Used Cooking Oil (UCO) Saga
As we know,
petrol, diesel, kerosene etc are all different extracts of the same underlying
material – what we call “oil” when we think of the Middle East. Purify that oil
to different extents, and you get different outputs, all very useful because
they are all storehouses of energy that we can use for various purposes.
Until I read
Pranay Kotasthane’s post, I didn’t know that:
“Cooking
oil is used to make sustainable aviation fuel.”
It gets better –
we are talking of used cooking oil (UCO) here!
“UCO
is the oil that’s left after you have cooked food in it four or five times;
thereafter, it is no longer suitable for cooking but can be used as a fuel.”
What drives this
trend is that the aviation industry gets brownie greenie points for
being environmental friendly when it converts UCO into aviation fuel.
As always, there
are second- and third-order behaviors that then kick in. Malaysia, for example,
subsidizes its palm oil:
“Hence,
the new oil's market price is less than UCO's trading price. So, smart
Malaysians in Melaka started buying this subsidised oil and selling it as UCO
without going through the pain of cooking food with it!”
This defeats the
entire intent of reuse and environmental sustainability. First, Malaysians
are not using the same oil to its maximum utility – cooking first,
aviation next. Second, it increases the demand for this
subsidized palm oil (since it can be sold as UCO for a profit), which leads to
more of its cultivation and attendant deforestation.
In India, we have
a different thing going on. UCO is often converted into ACO (Abused Cooking
Oil). What’s that?
“There’s
an entire underground network which enables restaurants to sell their UCO to
roadside stalls, which keep reheating this oil well beyond its permissible
capacity to prepare their own products. This ACO has several harmful health
effects.”
In theory, if
India sold its UCO as aviation fuel instead of ACO, it would (1)
benefit the environment; (2) avoid the health problems created by
ACO. Why isn’t that happening?
Several reasons
for that: (1) The price difference between new cooking oil and
UCO is high; so smaller restaurants and road side stalls find UCO taken to the
point of ACO attractive; (2) In turn, the price difference is so
high because India imposes high tariffs on imported cooking oil to “protect”
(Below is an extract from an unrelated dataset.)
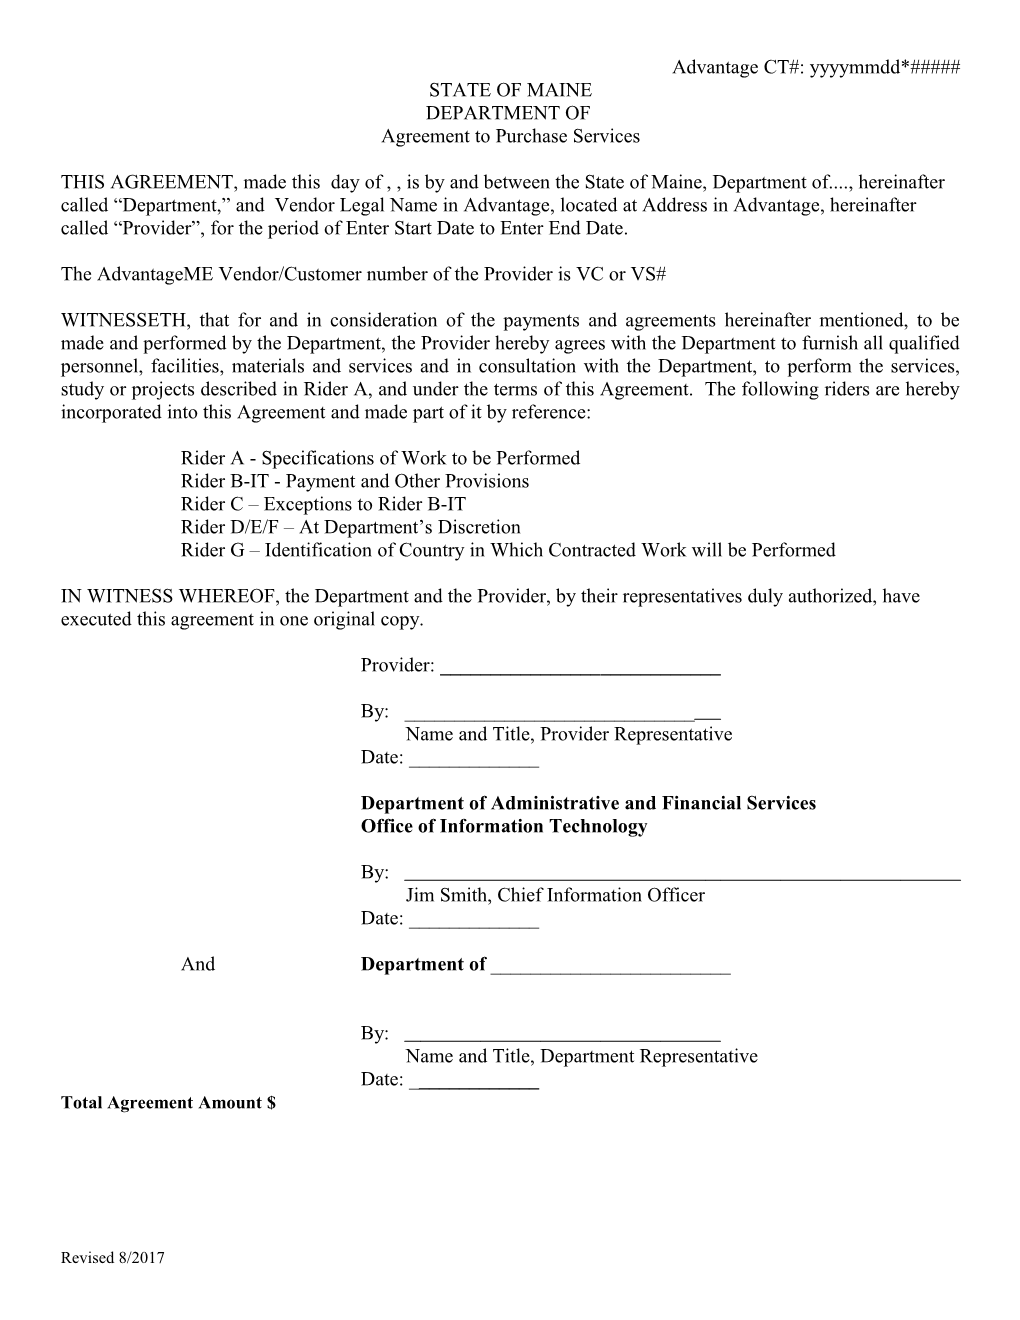 Agreement to Purchase Services (Bp54-It)

our domestic farmers; (3) India’s MSP (Minimum Support Price) for
grains means farmers prefer using their land for grain farming than switching
to other crops like cooking oil which doesn’t have MSP. Market forces of demand
and supply are subverted by MSP; (4) All of the above means the
price of UCO is high due to its demand as ACO. It is so high that aviation
companies won’t pay that much to use it as aviation fuel.
Greed and poverty aside, this is yet another unintended consequence of MSP. But farmers are a huge vote bank, so in a democracy, it is almost impossible to touch certain schemes (even improving them is politically hard), no matter how harmful (unintentionally though it be) they end up being.